While several studies have investigated the influence of long-duration space flight on muscle and bone tissue, it remains unclear how unloading influences cartilage health. It has been shown in animals that decreased loading results in cartilage deterioration with compositional changes similar to those of osteoarthritis (OA). However, it is unknown if these same changes are experienced in astronauts during space flight. If long-duration unloading results in biochemical changes within the cartilage, it may be a medical risk-factor for the development of OA later in life. OA is a progressive degenerative disease that is characterized by changes in proteoglycan and water content. Recent advancement in MR technology allow for an increased ability to monitor these biochemical levels in vivo. Furthermore, the reversibility reported in animal work with remobilization has yet to be observed in humans. The proposed study will utilize state-of-the-art MR techniques to monitor knee cartilage composition with non-weight-bearing (simulated zero-gravity) and return to full-weight-bearing (relative increased loading). The primary objective of this proposal is to quantify changes in cartilage composition with loading deprivation using advanced MR techniques (including T2 and T1rho relaxation time mapping). A secondary objective is to demonstrate reversibility of compositional changes of articular cartilage associated with OA in vivo. The results of this study are necessary to determine if biochemical changes associated with early OA occurs in humans after a period of non-weight-bearing and to determine how these changes respond when returning to full weight bearing. Future studies will use this information to design cartilage-protecting protocols of in-space exercise programs as well as strategies for post-flight re-integration into full-gravity conditions.

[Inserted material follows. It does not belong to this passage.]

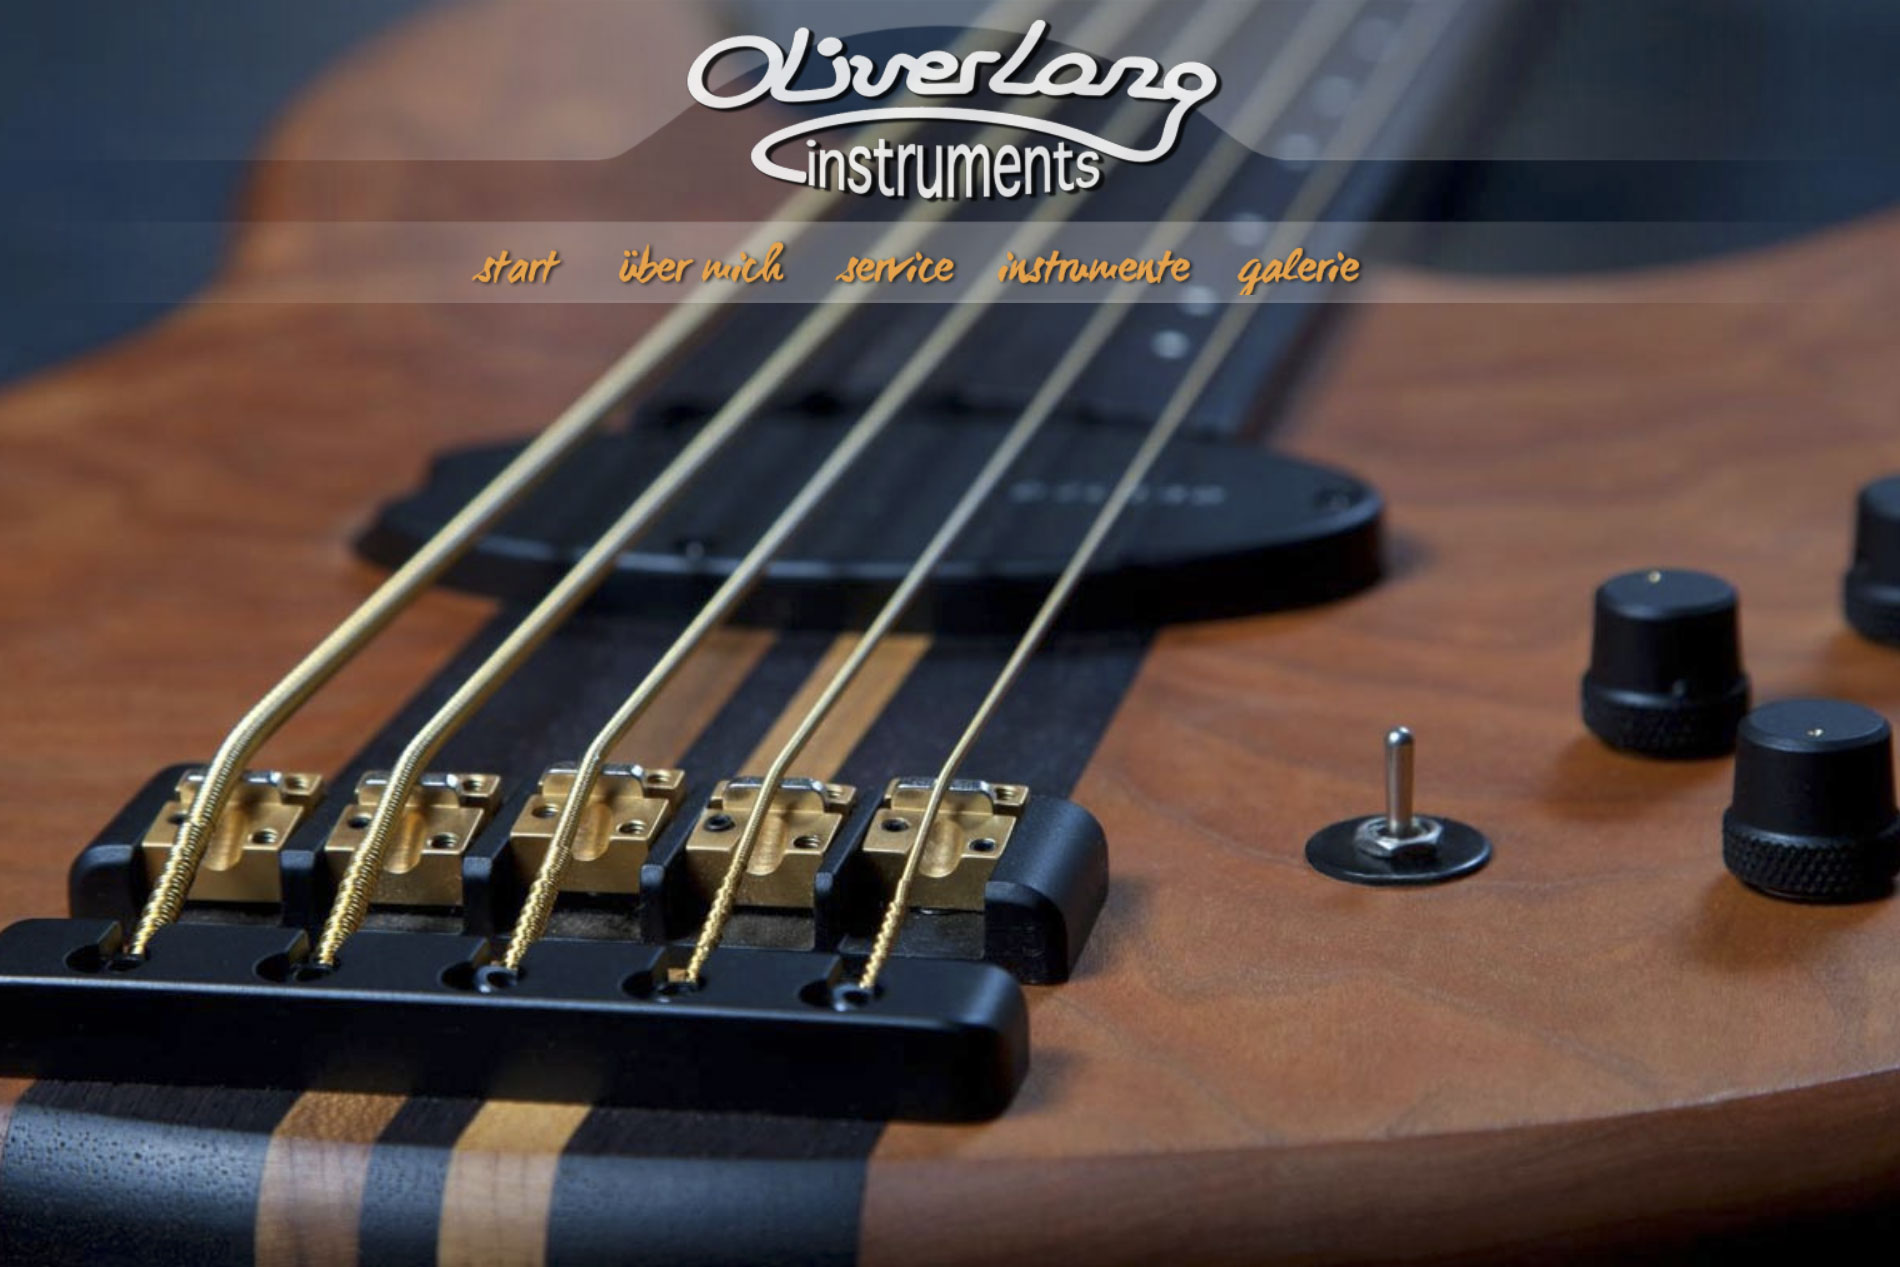 Website Oliver Lang Instruments | Eckstedt

SUPPLEMENTAL INFORMATION FOR FINAL REPORT (May 2010):

Eight subjects completed. One subject currently enrolled. Findings are approaching significance already. I will consider terminating study at n=15 if findings continue to look as robust as preliminary data suggests.

While several studies have investigated the influence of long-duration spaceflight on muscle and bone tissue, it remains unclear how unloading influences cartilage health. It has been shown in animals that decreased loading results in cartilage deterioration with compositional changes similar to those of osteoarthritis (OA). However, it is unknown if these same changes are experienced in astronauts during spaceflight. If long-duration unloading results in biochemical changes within the cartilage, it may be a medical risk factor for the development of OA later in life. OA is a progressive, degenerative disease that is characterized by changes in proteoglycan and water content.

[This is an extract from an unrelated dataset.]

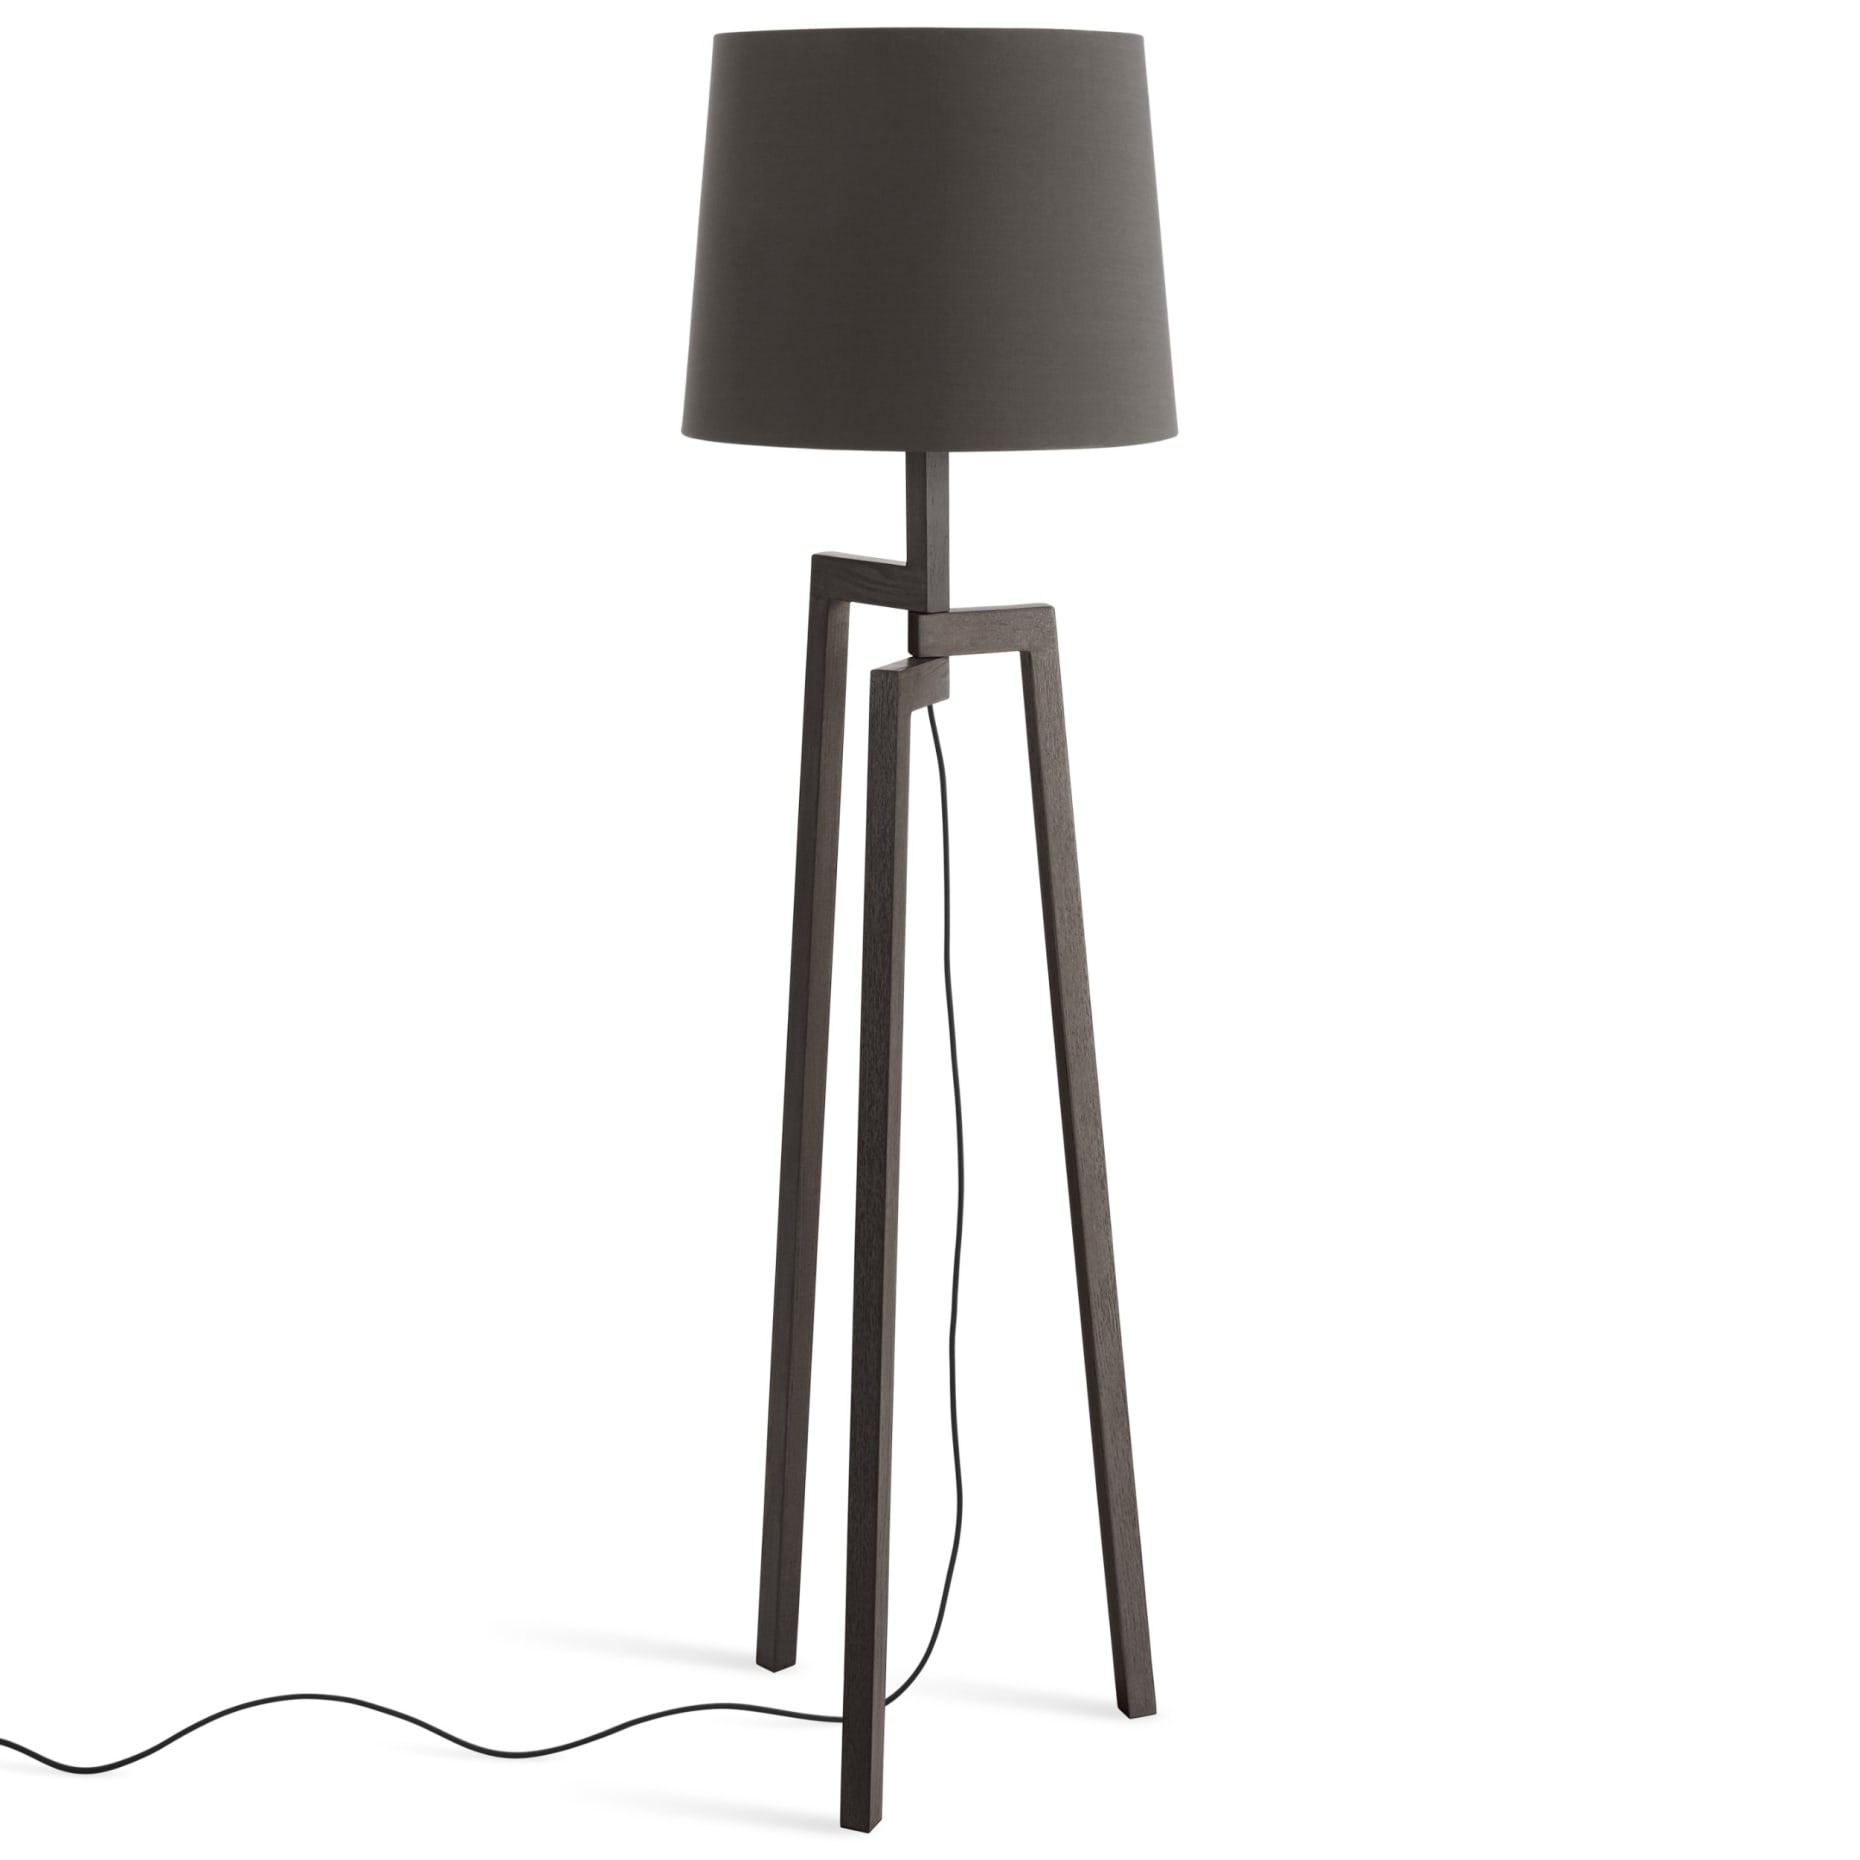 Stilt Floor Lamp intended for size 1860 X 1860

Recent advancements in magnetic resonance (MR) technology allow for an increased ability to monitor these biochemical levels in vivo. Furthermore, the reversibility reported in animal work with remobilization has yet to be observed in humans. The proposed study will utilize state-of-the-art MR techniques to monitor knee cartilage composition with non-weight bearing (simulated zero gravity) and return to full weight bearing (relative increased loading).

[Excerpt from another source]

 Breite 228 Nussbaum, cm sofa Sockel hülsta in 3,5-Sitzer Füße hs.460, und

The primary objective of this project is to quantify changes in cartilage composition with loading deprivation using advanced MR techniques (including T2 and T1rho relaxation time mapping). A secondary objective is to demonstrate reversibility of compositional changes of articular cartilage associated with OA in vivo.

The results of this study are necessary to determine if biochemical changes associated with early OA occurs in humans after a period of non-weight bearing and to determine how these changes respond when returning to full weight bearing. Future studies will use this information to design cartilage-protecting protocols of in-space exercise programs as well as strategies for post-flight re-integration into full-gravity conditions.